Toutes les composantes de notre groupement d’hélicoptères, qu’il s’agisse du transport, de la reconnaissance avec les Gazelle, de l’appui au sol avec nos Tigre ou du transport des blessés jouent un rôle fondamental. Tout cela, je le fais avec seize hélicoptères français, auxquels s’ajoutent trois hélicoptères britanniques et deux hélicoptères danois, sur toute la BSS, autrement dit sur un théâtre vaste comme l’Europe, ce qui impose une gestion dynamique d’une très grande complexité. Le colonel qui commande le groupement d’hélicoptères doit quotidiennement résoudre un véritable Tetris pour déterminer comment à la fois appuyer telle opération, assurer l’évacuation sanitaire de telle autre ou réagir à toute demande d’opération d’opportunité car à chaque fois qu’arrive un renseignement estimé pertinent, il faut l’exploiter au plus vite pour obtenir un résultat face à l’ennemi.

Vous avez parlé du départ des Merlin. L’aviation légère de l’armée de Terre (ALAT) consent un effort considérable pour offrir en permanence ces seize hélicoptères à Barkhane, et je sais combien cela pèse sur l’entraînement de nos pilotes en France. Il faut continuer à plaider auprès de nos alliés européens afin qu’ils viennent nous aider non seulement pour le remplacement des deux hélicoptères danois, mais aussi pour tout ce qui pourrait être fait dans le domaine de l’aéromobilité. Vous avez dit que l’emploi des Chinook pourrait être perturbé par l’arrivée d’unités britanniques au sein de la MINUSMA. Le sujet est toujours en cours d’examen avec nos amis britanniques. Je ne peux encore vous dire quelle réponse sera apportée.
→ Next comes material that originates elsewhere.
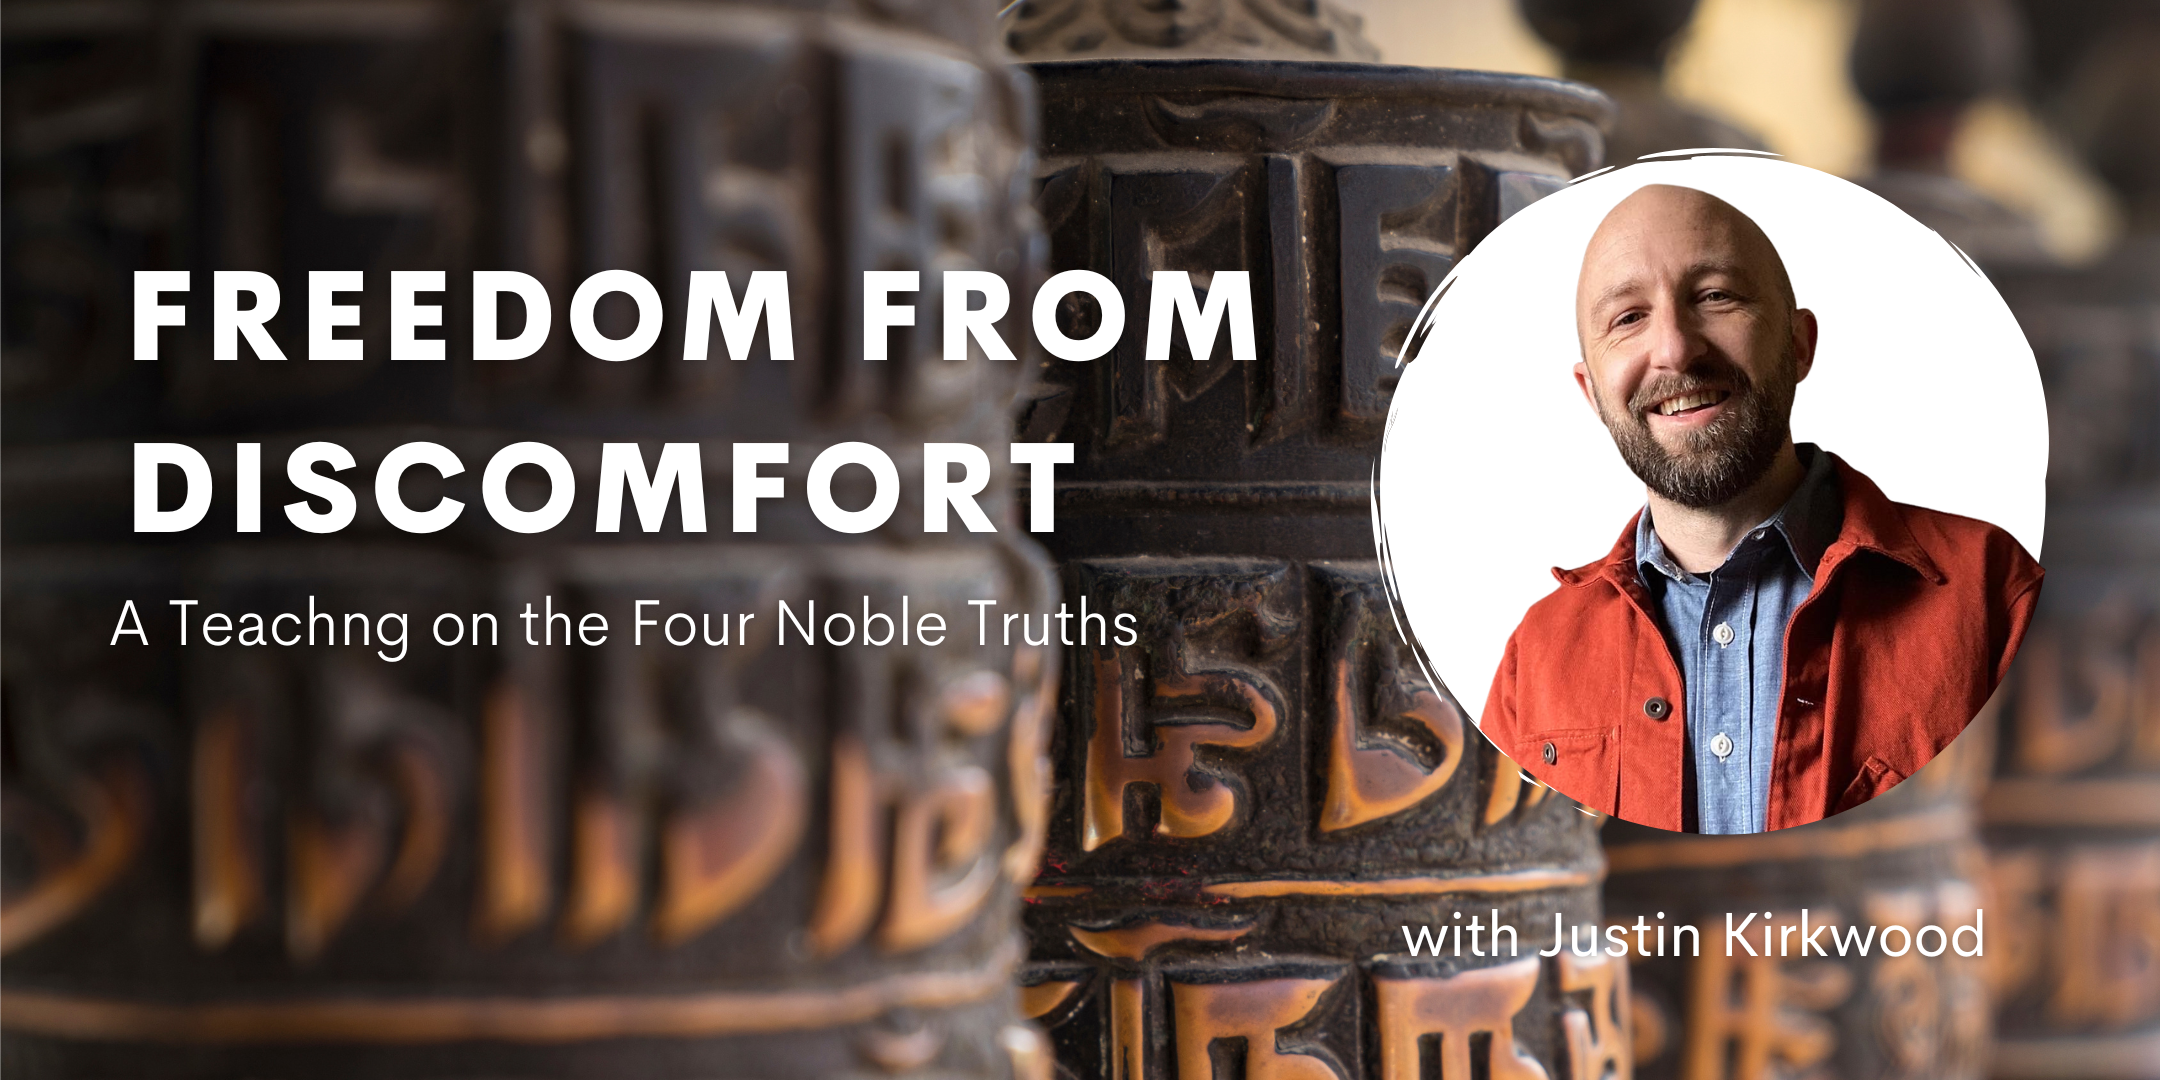 Freedom from discomfort - Four Noble Truths Teaching

À travers la Task Force Takuba, nous attendons une contribution en hélicoptères de la part des Suédois et des Italiens ; ces derniers seront plus centrés sur l’évacuation militaire par voie aérienne (MEDEVAC), les Suédois davantage sur l’appui des troupes au sol : ce sera également pour Barkhane un apport très intéressant. Le message à retenir est l’importance cruciale de l’hélicoptère pour le succès des opérations ; tout apport extérieur de nos partenaires européens en contribution directe à Barkhane serait d’une grande utilité. Je n’ai pas connaissance du lien éventuel entre la future adaptation de Barkhane et une participation britannique. Des travaux sur l’adaptation sont en cours, mais les arbitrages ne sont pas rendus. S’il devait y avoir une participation britannique supérieure à celle existante ou annoncée, cela serait traité au niveau de l’état-major des armées.